I was reading through the 2nd edition preprint and took a look at your lecture and have a question regarding the treatment of pipes (in DAGs).
You use the fungal treatment example that has a DAG looking a little like this:
In the book you say that conditioning on F removes the effect of T in our model, not sure the wording is good. Essentially you want to omit F from your model to get the effect of T on H_1.
However, I would read T \rightarrow F \rightarrow H_1 as the pipe here and those are “Open unless you condition on Z [F in this DAG]”. Which I would read as “add F to your model to close the pipe”.
So now I have “omit F from your model to get the effect of T on H_1” and “add F to your model to close the pipe” which contradict each other.
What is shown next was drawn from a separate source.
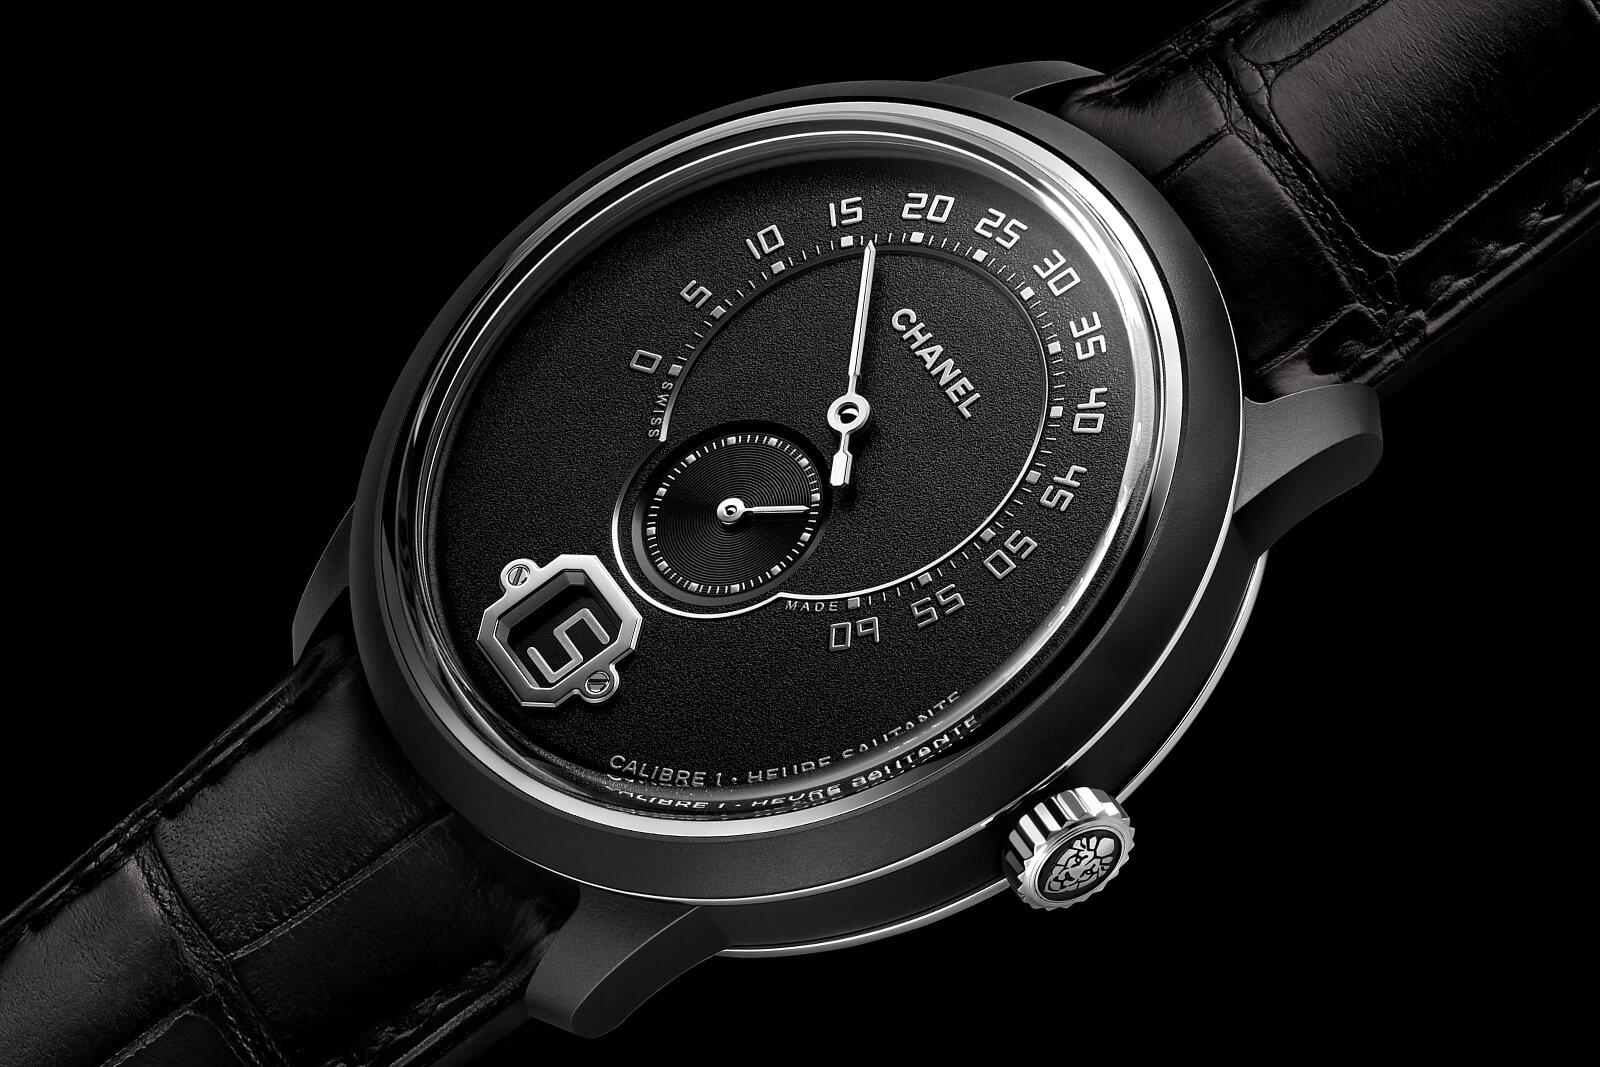 CHANEL Monsieur Édition Noire Black Ceramic Watch

Another example you give is the grandparents/parents education one:
In your lecture you list the following paths from G to C:
(1) G \rightarrow C
(2) G \rightarrow P \rightarrow C
(3) G \rightarrow P \leftarrow U \rightarrow C
And the comment: “Conditioning on P closes (2) but opens (3)”
Again, G \rightarrow P \rightarrow C looks like a pipe to me, so conditioning on P closes it, based on “Open unless you condition on Z” however if we ignore U, what is the difference to the first example?
I feel like it could be something of a direct vs indirect effect thing but am not sure how to work with that:
- For the plant example, the treatment itself has no direct effect on plant growth. Only through the hindering of fungal growth does it impact H_1.
- In the Grandparents example, there might be a direct effect of GP education on children.
The problem I have is that any kind of soil treatment could (I think) also directly influence plant growth.
Sso one could rewrite the first DAG as such:
Which makes it the same as the GP graph if we ignore U.
Conditioning on P in the GP graph closes (2) so using that on the fungal graph, we should condition on F to close the same path T \rightarrow F \rightarrow H_1.
Could you maybe give me a helping hand here (or anyone else who got DAGs)?